Pity me that I can’t hear in stereo? Go ahead; you may be right, I’ll never know that joy. It’d be better to “pity” me that I can’t engage in normal conversation in most places or circumstances, though. I can hear things in music most people can’t, because I can MAKE music. I play a piano (with far greater enjoyment than skill, alas), and have managed to squeak out a concert or two with a smallish tuba (a “baritone” or “euphonium”) and enjoyed twittering with a flute. *I* pity the poor hearing sucker who can’t even remember or carry a tune. Stereo or not, I enjoy wordless music.
Better yet, though, don’t pity me at all. I, too, can generally stand on my own two flippers, even if I usually wind up standing alone. I can enjoy a movie alone just as easily as with friends, and I’m perfectly comfortable running off to a restaurant to have a burger with nothing but a novel for company.
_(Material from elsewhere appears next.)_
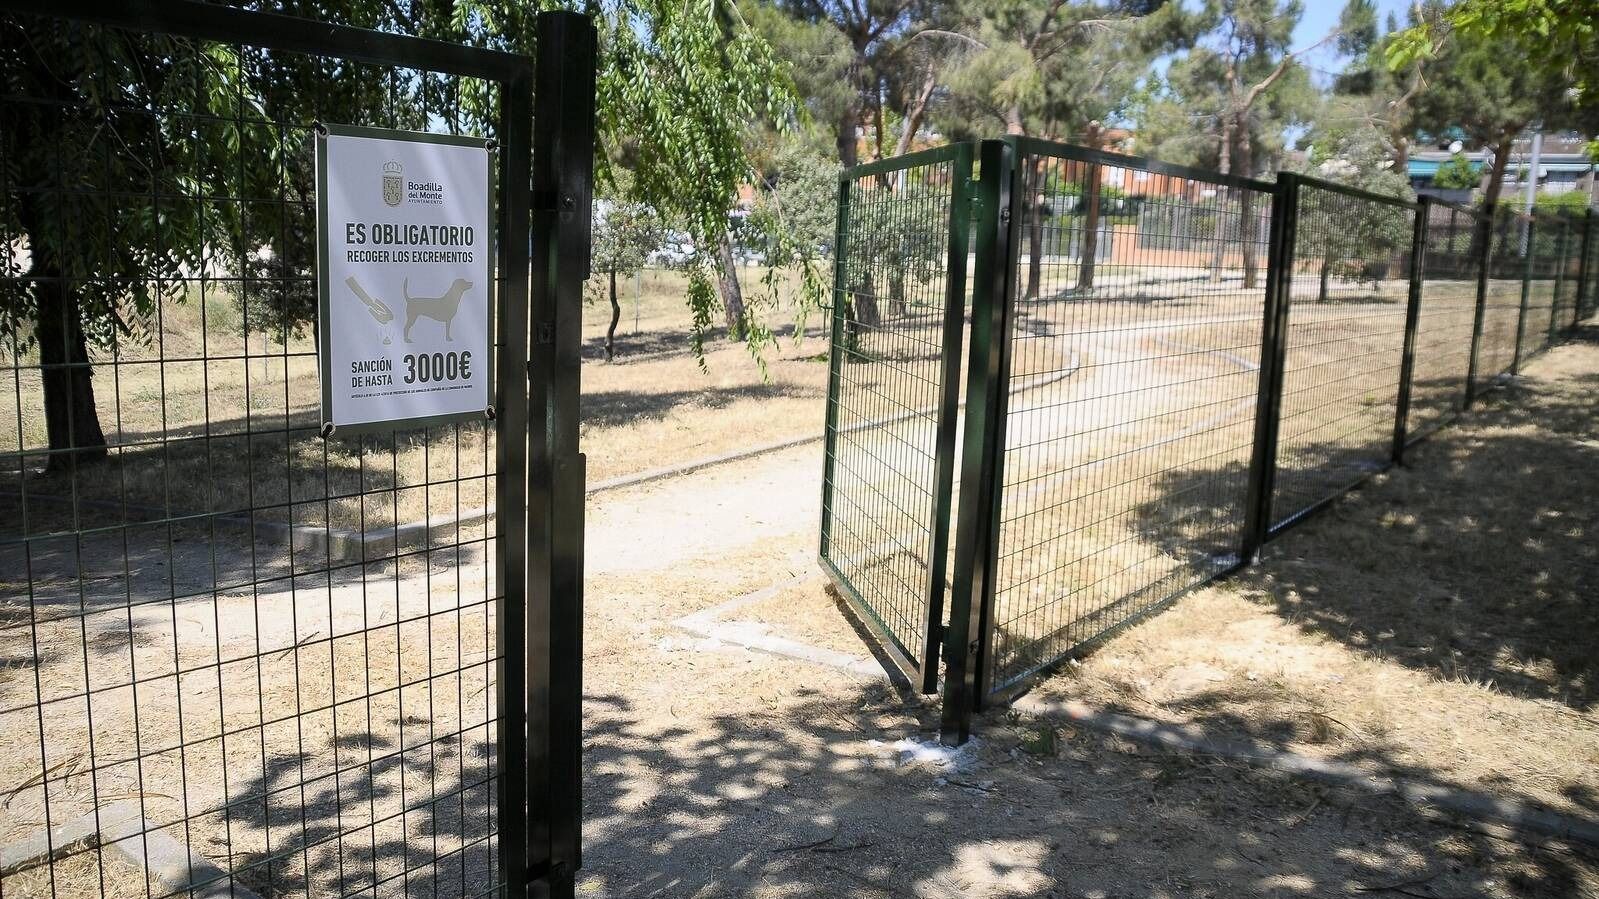 Sanciones de hasta 3000 euros por no recoger los excrementos caninos en Boadilla

Fridays and Saturdays and Christmasses and Thanksgivings are not times for me to dread if I’m far from home because life has taught me that you don’t die if you don’t always have people around to cling to all the time.
It often seems that life gives back something for everything it takes away, although it’s not always evident that the “giving back” is happening. I myself pity the person who’s emotionally incapacitated by not having a date on Friday night, or can’t read the directions on a box of laundry detergent from Canada because it’s all in French, or figure out from a map which exit to get off on when traveling in some other state or country. Seems to me these kinds of people spend so much time being terrified that somebody is going to think ill of them that they never take the time to have their own damn lives.
Batshua isn’t “pitying”, per se. She does a wonderful job of recognising that I have trouble with verbal communication, and while she sometimes has to be reminded that it’s not her fault when that happens, neither has she EVER suggested that I might be somehow “not HUMAN” because of that trouble. She’s never pre-emptively told me what somebody else has said unless I asked first.
She’s simply deploring that I will never know a pleasure she takes for granted. I could similarly deplore quite a few I fear she may never know.